:: Data segment
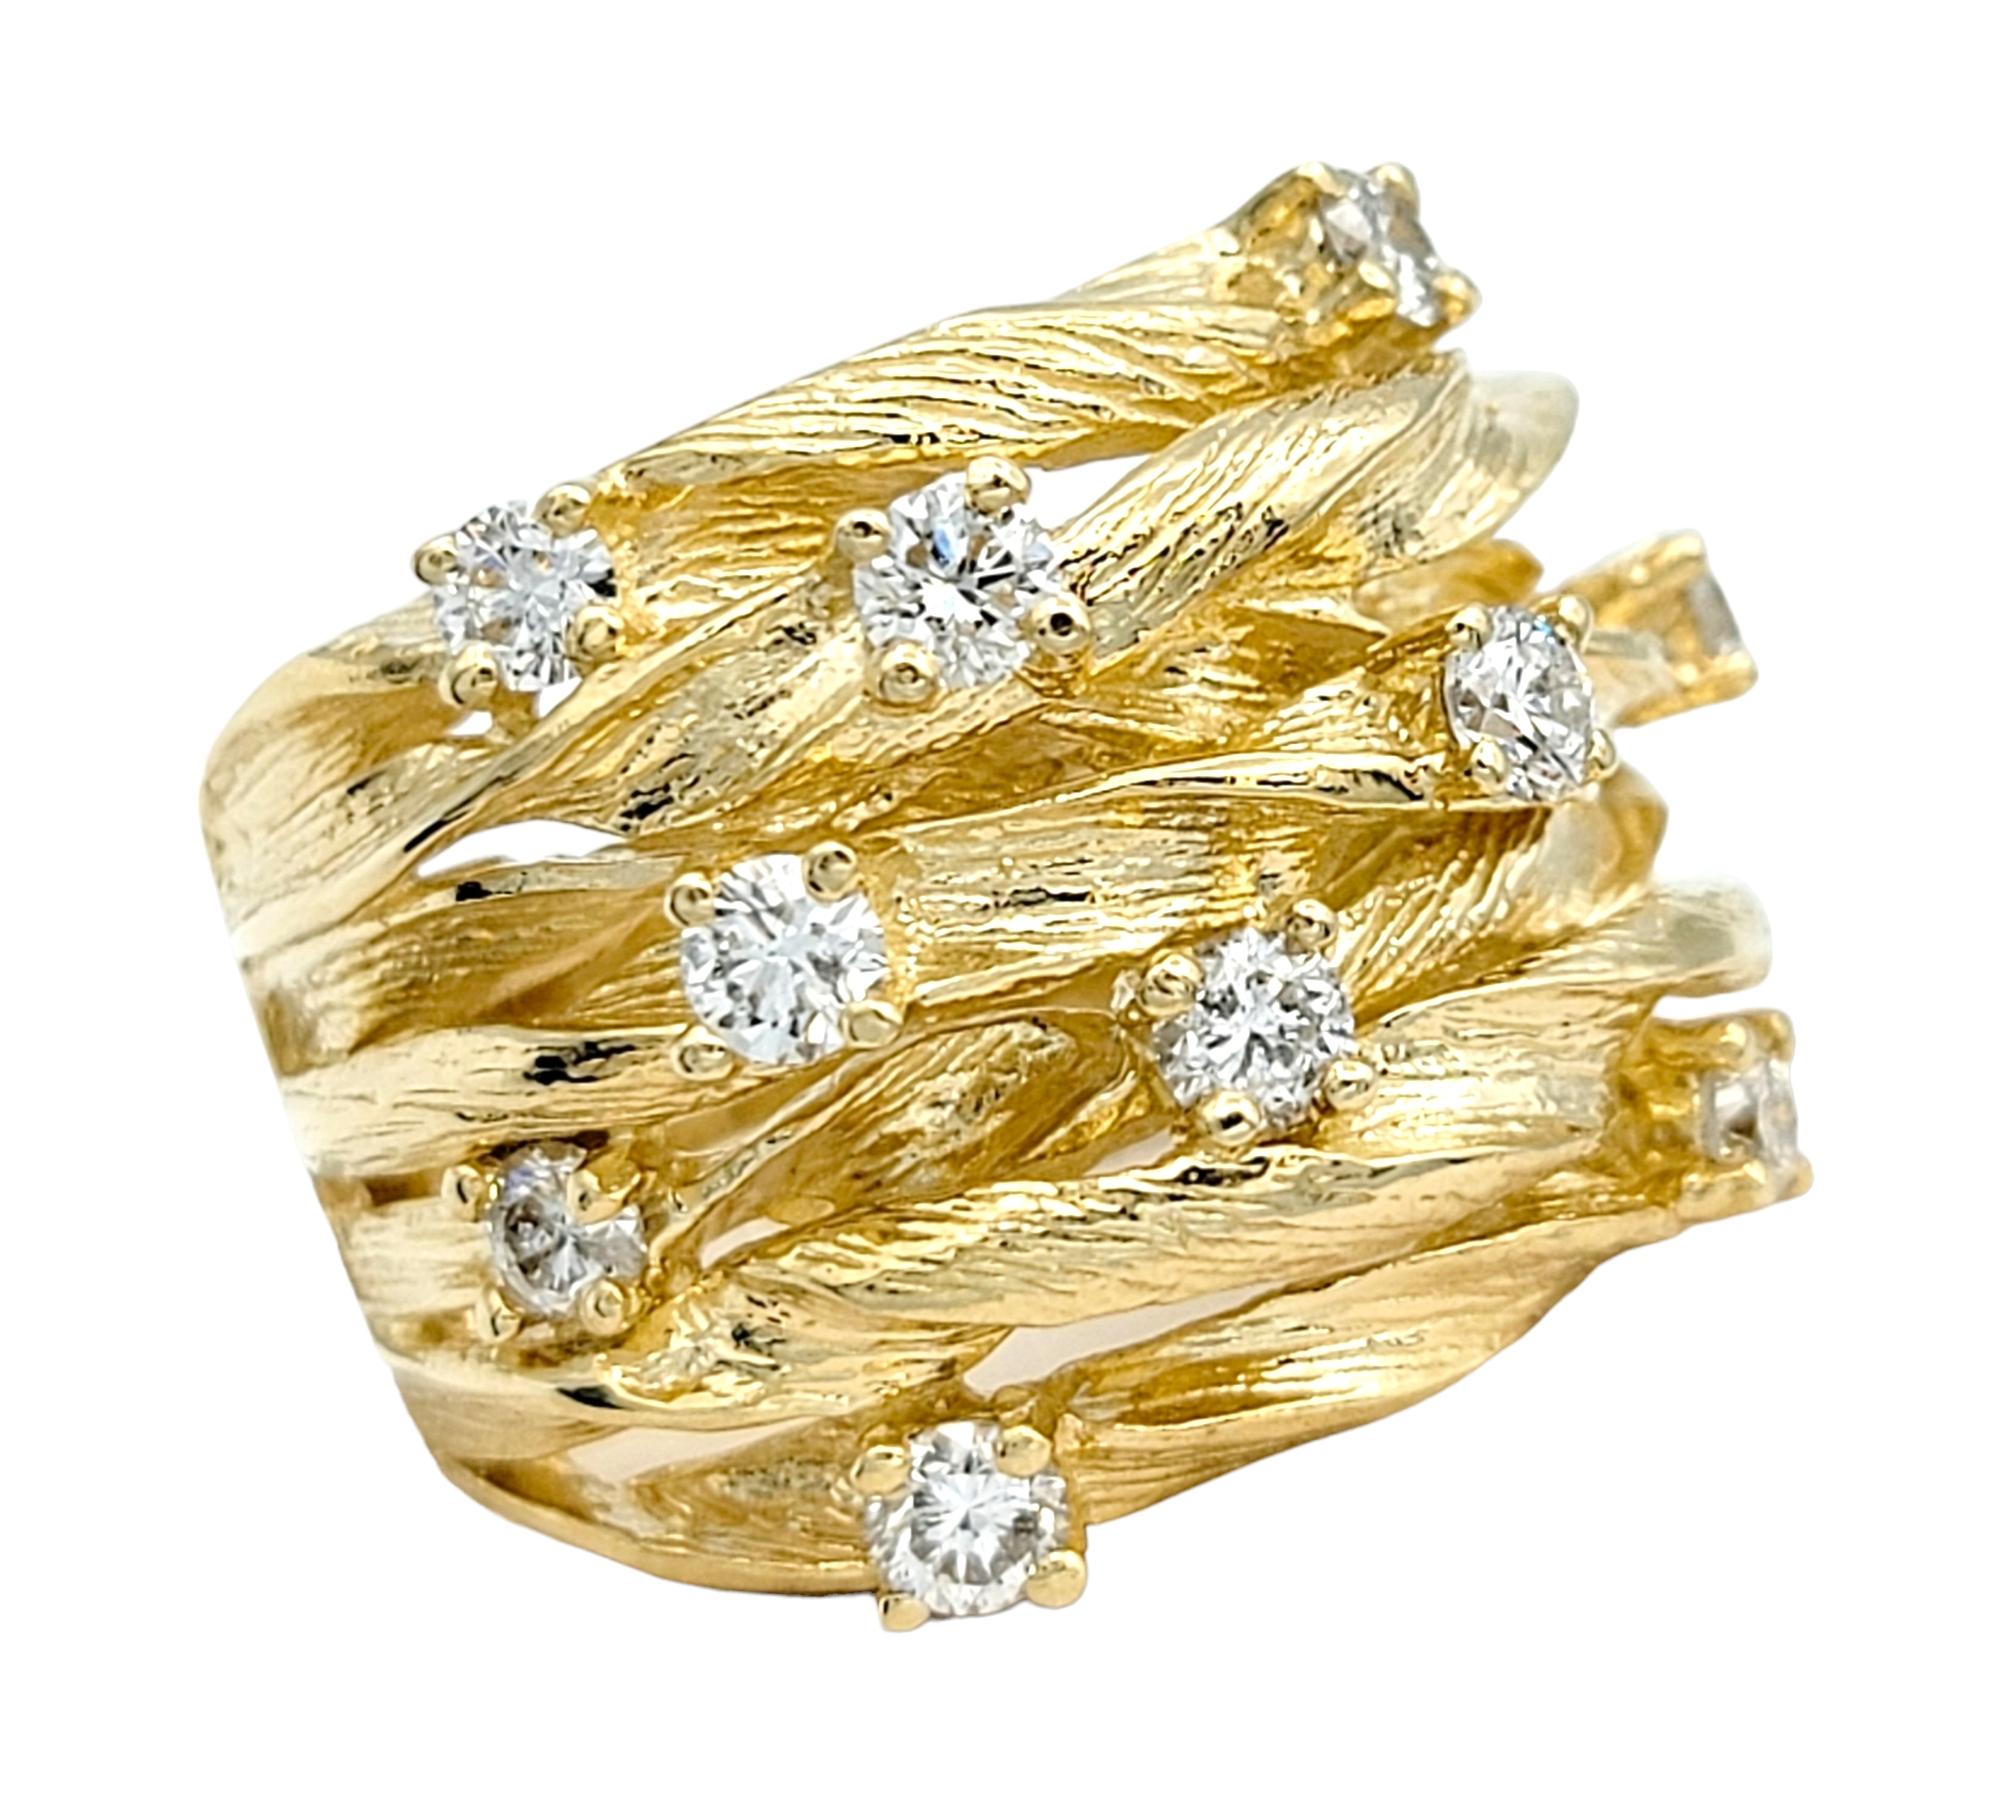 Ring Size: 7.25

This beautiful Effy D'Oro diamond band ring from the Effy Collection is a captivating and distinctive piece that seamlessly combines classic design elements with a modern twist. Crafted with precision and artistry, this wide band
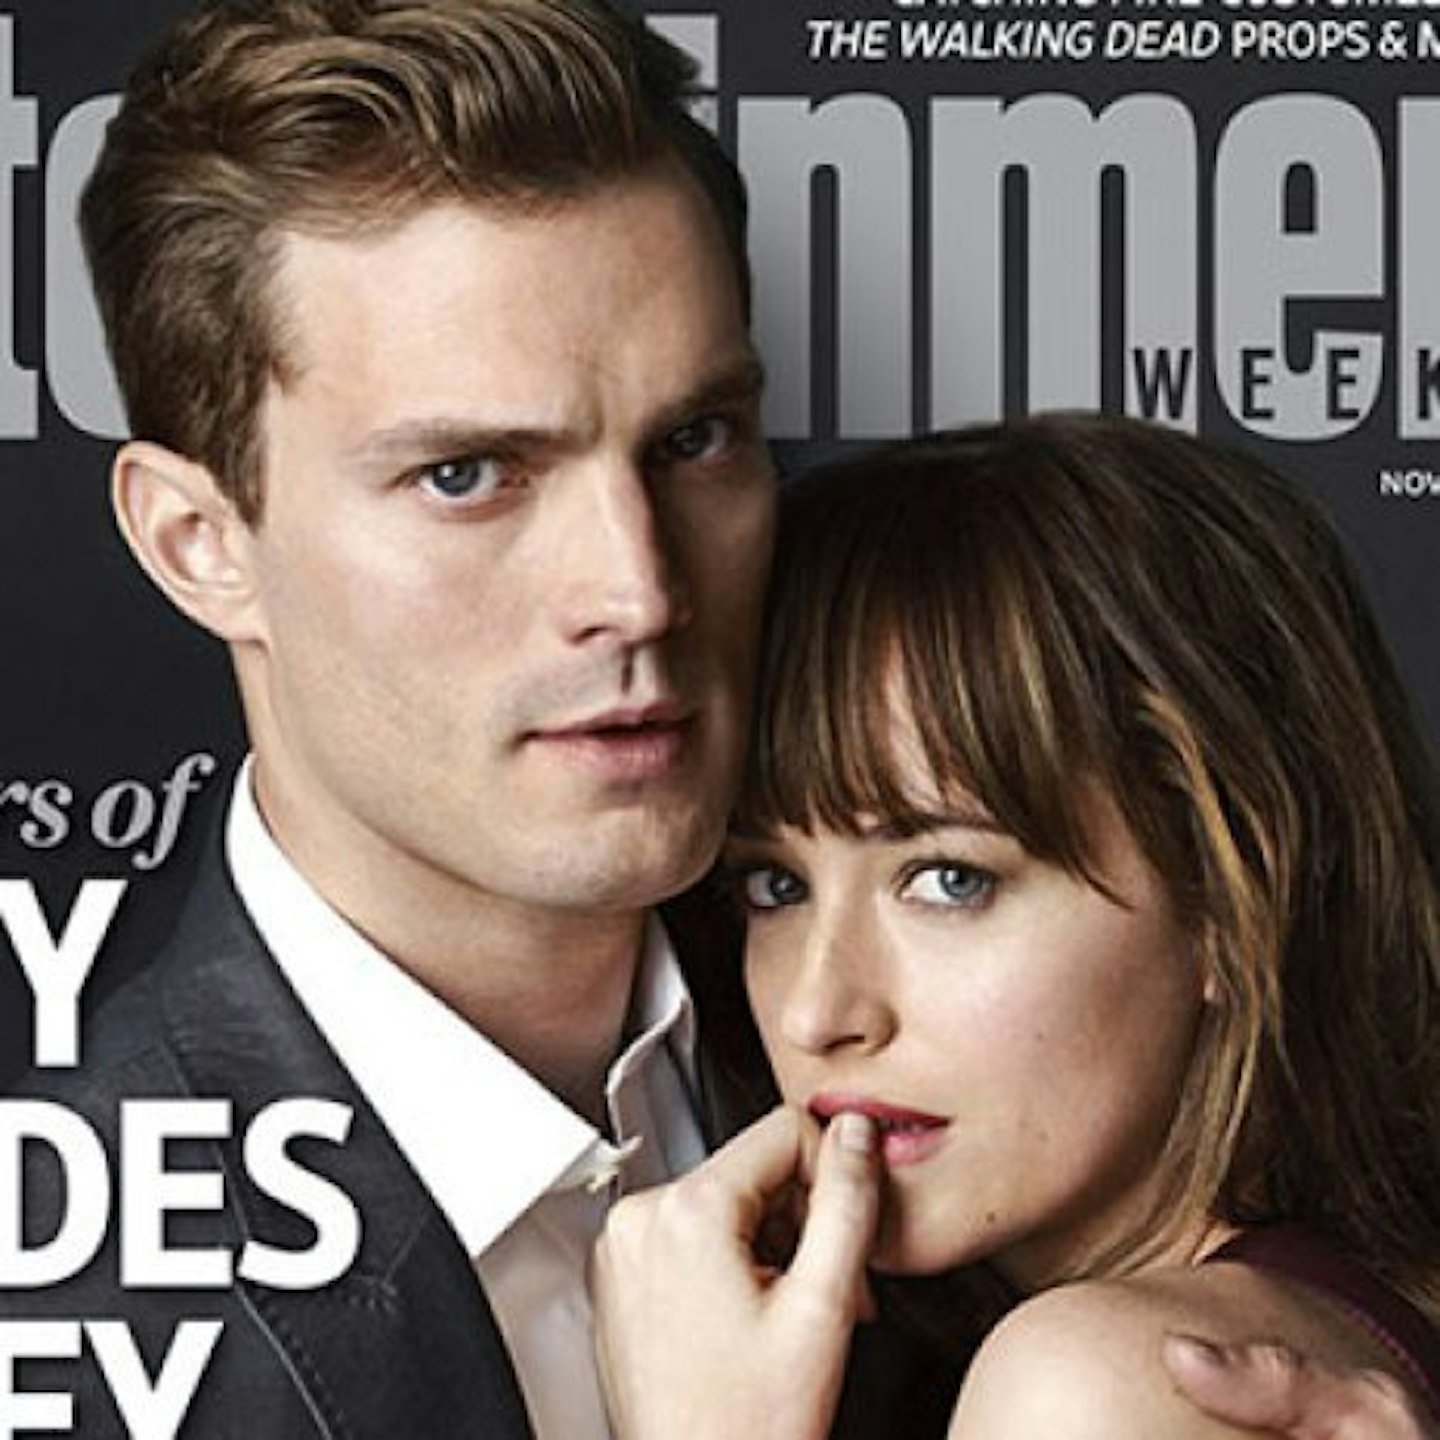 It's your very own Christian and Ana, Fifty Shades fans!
::::
- **Exercise**:
Leave the pictures out and return the rest of the material exactly.

- **Expected answer**:
 Ring Size: 7.25

This beautiful Effy D'Oro diamond band ring from the Effy Collection is a captivating and distinctive piece that seamlessly combines classic design elements with a modern twist. Crafted with precision and artistry, this wide band
 It's your very own Christian and Ana, Fifty Shades fans!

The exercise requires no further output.